The connection with Psycho lies beyond the stuffed birds inside the Bates Motel. It’s also how the mommy issue becomes externalized not only with an actively tormented mother-figure in full flesh with strange psychological attachment with her son, but also through the malevolent attack of the birds that exacerbated the strange meet-the-parent situation by 1000%.
Obviously, it’s incredibly redundant to say the bird attacks are symbols of exact themes; the group conversation in the diner is left with no resolution and even the accusation by a group of women on Melanie for bringing the birds to Bodega Bay is abandoned outside of that one scene. The birds appear more as a materialization of the Hitchcockian obsession and sexual malevolence that operate as elements innate to the film itself and cannot simply be removed or overcome by reasons and explanations, just as John’s obsessive tendencies in Vertigo that is ingrained within that film’s form.
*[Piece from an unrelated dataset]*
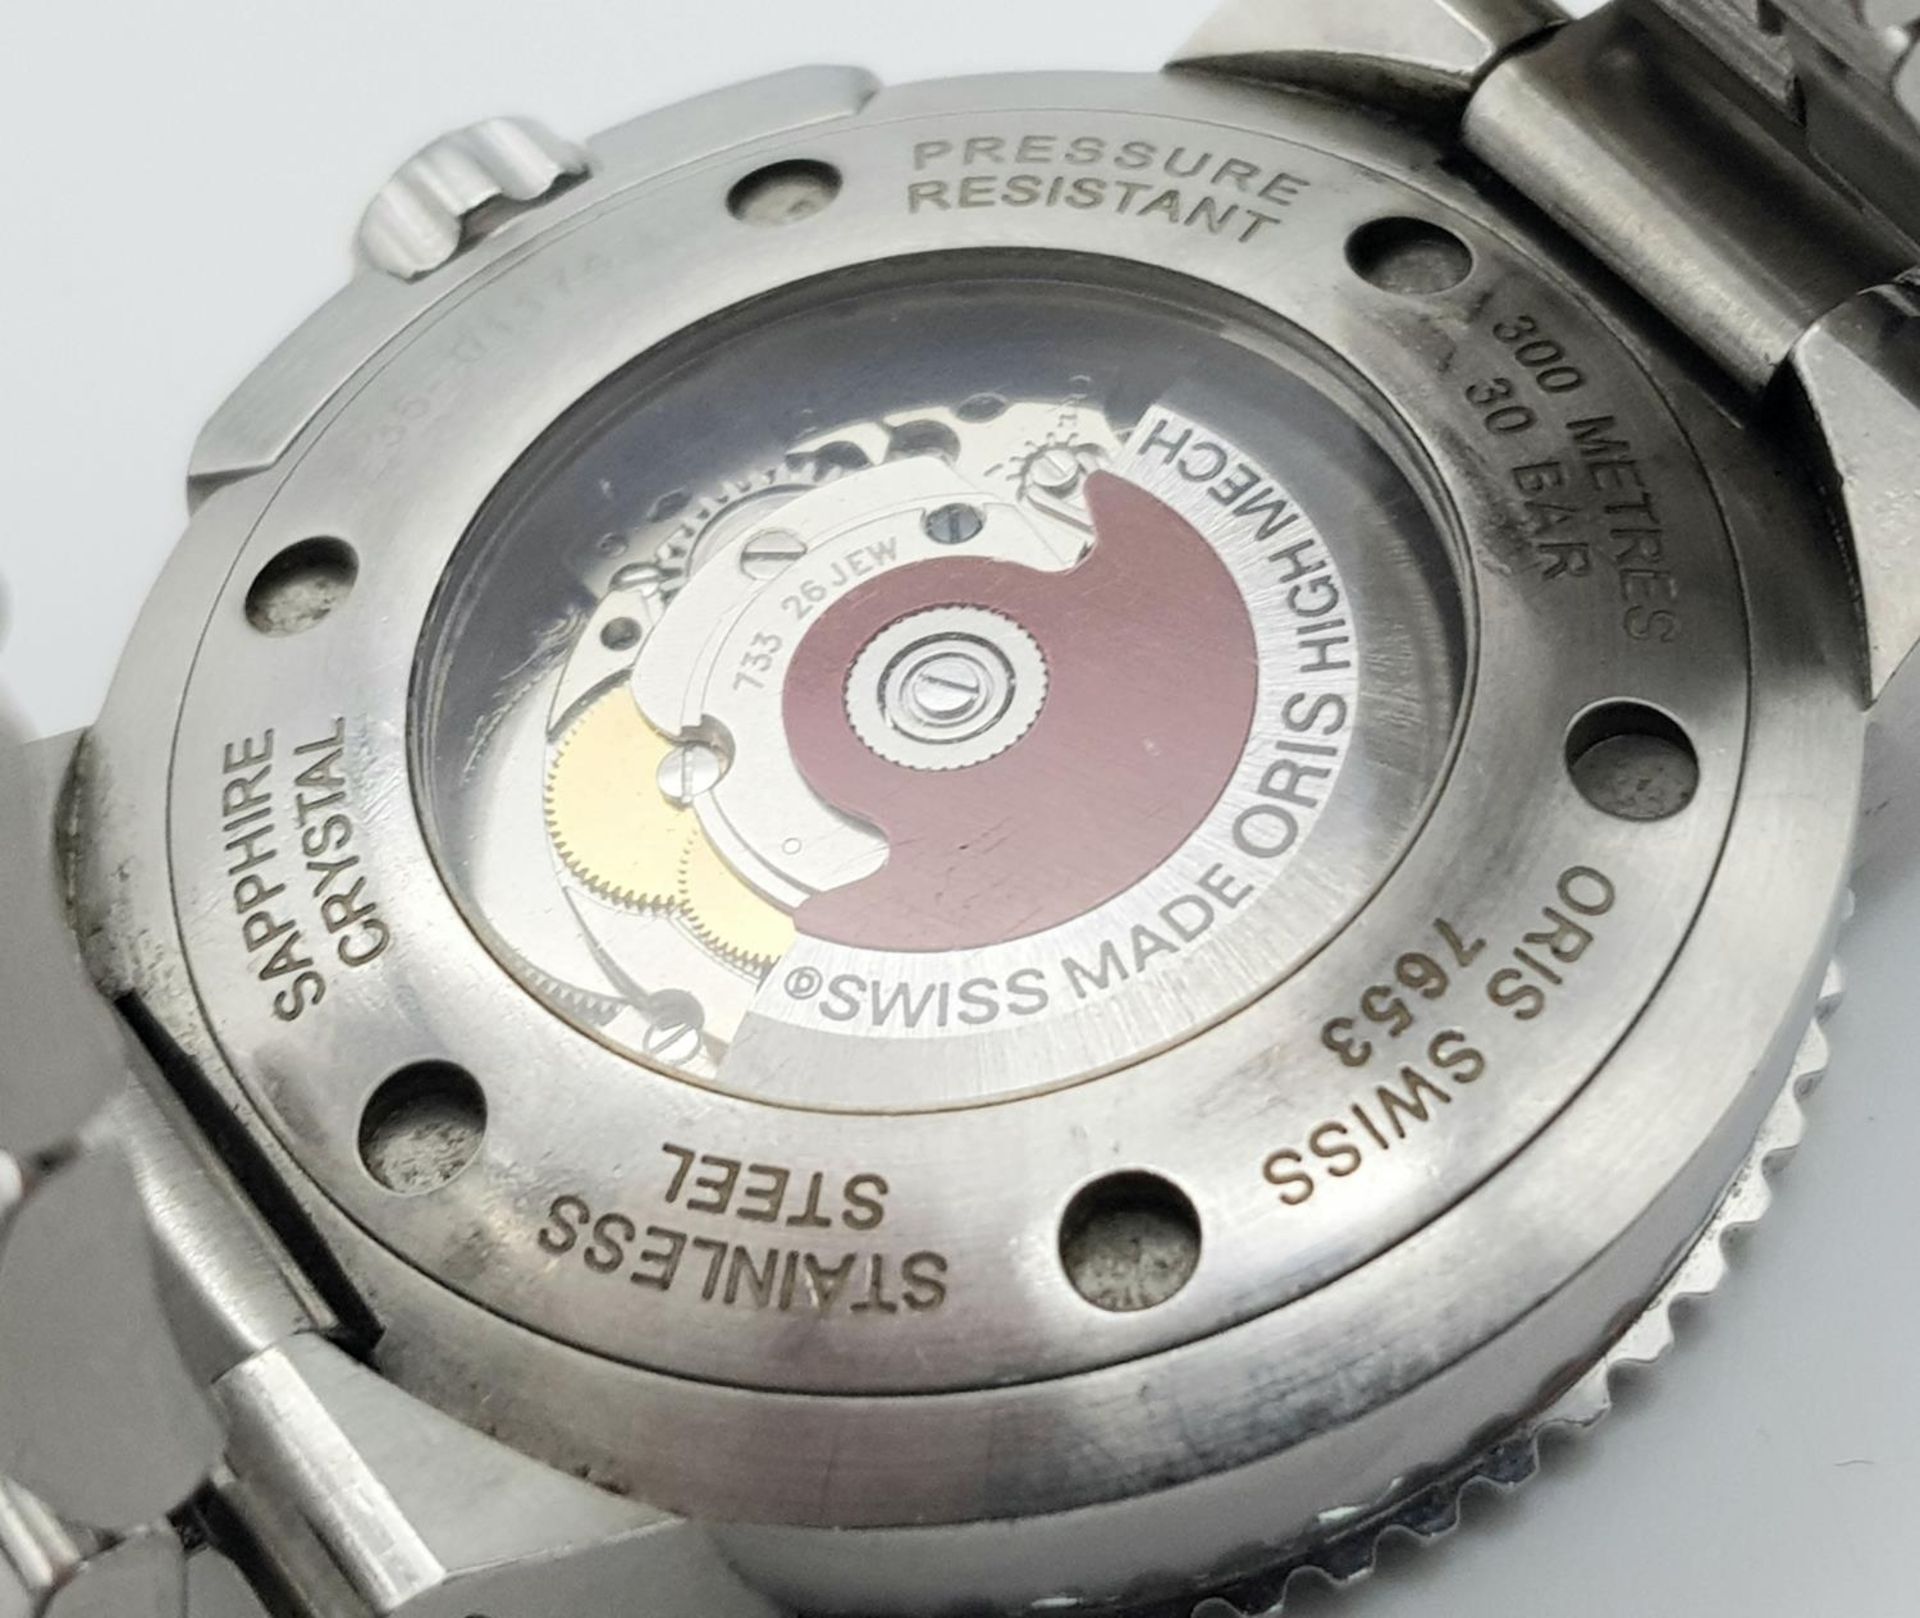 An Oris Automatic Divers Watch. Pressure resistant to 300M - Model 7653. Stainless steel bracelet - Image 7 of 8

Here, Bernard Herman’s dramatic score is replaced by soundscapes of screeching birds. Again, the music that is often used to complement and emphasize the interior emotions filmed through actor faces is exteriorized by the “natural” soundscape. The drama becomes the birds, and the birds are the drama; they are inseparable yet cannot account for one another logically. The two elements seem to run parallel with one another and only intersect in the end, in a subtle but quiet devastating manner, where Lydia finally warmly accepts Melanie after the latter is severed by the birds, deemed no longer capable of threatening the former’s love for her son; one of the sickest shot/counter-shot ever. The apocalyptic final frame represents not only a natural disaster but also the family dynamics of this group leaving by car, and the pictorial coherence in which the macabre desolation of both the internal and the external meets.